Хотя американское общество, вне всякого сомнения, остается рыночным, практикуемый им капитализм довольно необычен, о чем свидетельствует в частности постоянная готовность правительства США выводить банки из кризисных ситуаций за счет рядовых граждан.
«Если бы у нас была реальная капиталистическая экономика, этого не происходило бы. Капиталисты, которые делали рискованные инвестиции и просчитались, были бы ликвидированы. Но богатые и сильные не хотят капиталистической системы. Они хотят управлять государством-нянькой, чтобы в случае беды налогоплательщик спас их» (с. 212).
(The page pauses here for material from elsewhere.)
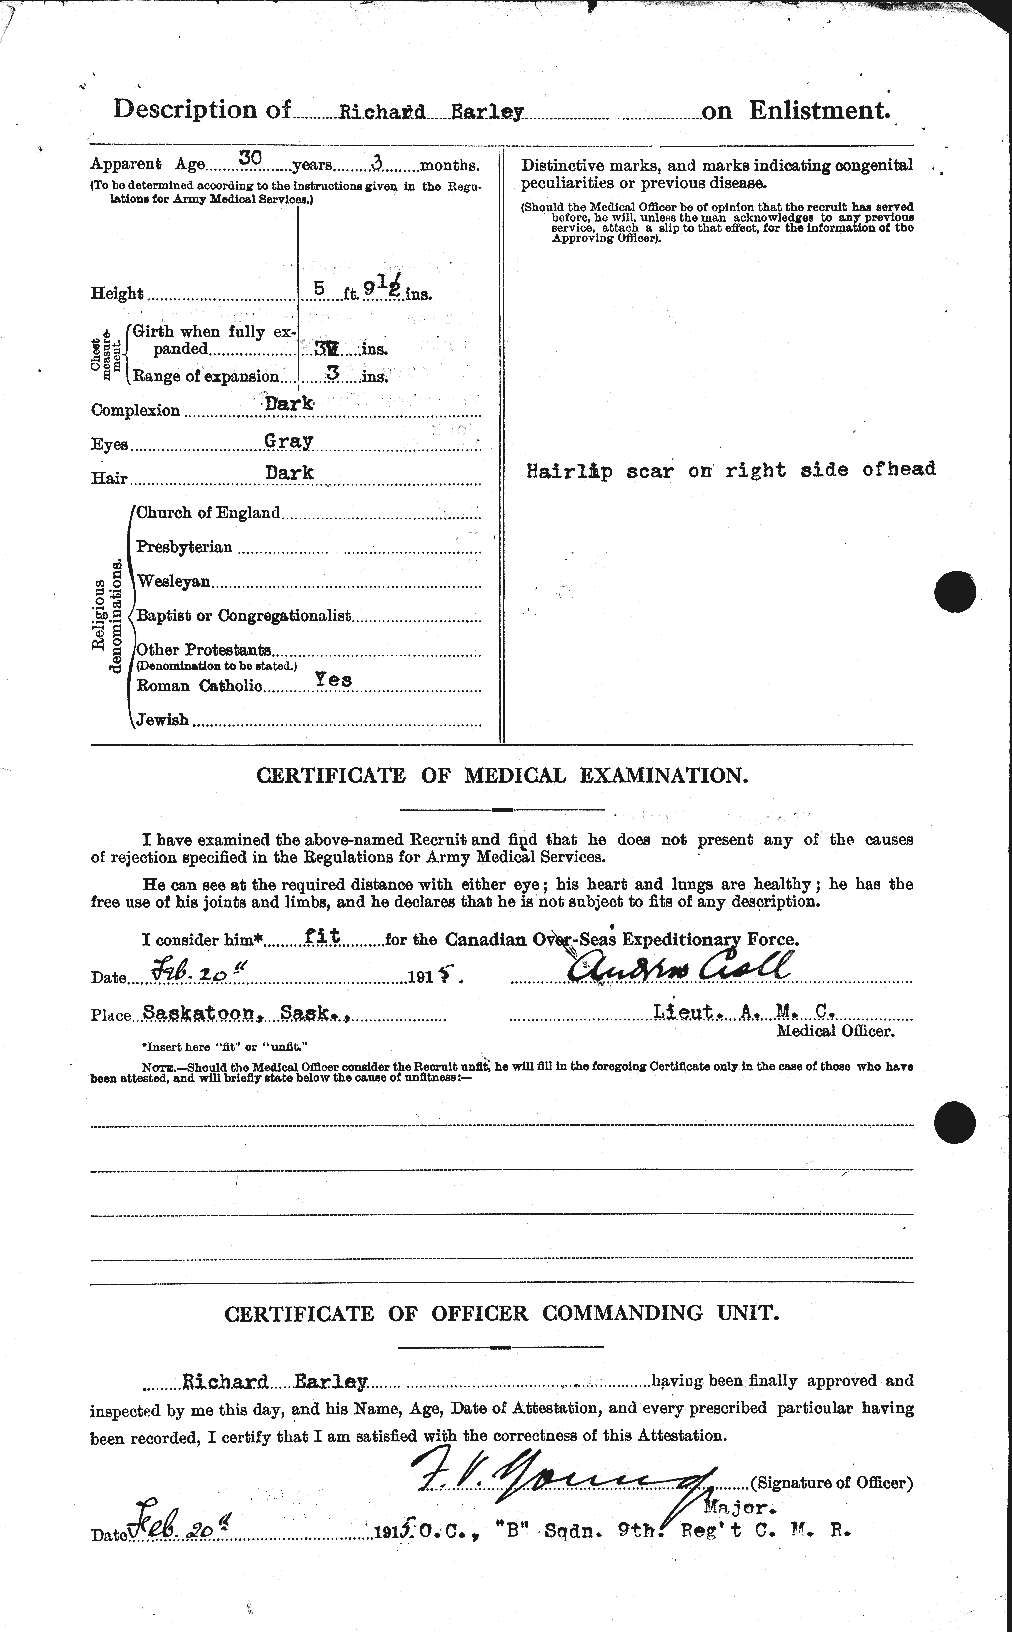 Dossiers du Personnel de la Première Guerre mondiale - CEC 307126b

Политика, вытекающая из подобного понимания государственных обязательств перед крупным бизнесом, в одном из интервью описывается емкой формулой «социализм для богатых, капитализм для бедных» (с. 216). Кстати, эту особенность Хомский считает врожденным дефектом американского государства, цель которого еще Джеймс Мэдисон, один из «отцов-основателей», видел в том, чтобы «защитить меньшинство богатых от большинства», ограничивая ради этого демократию (с. 218). Нынешний президент с первых дней своего избрания обнаружил свою приверженность такому же курсу.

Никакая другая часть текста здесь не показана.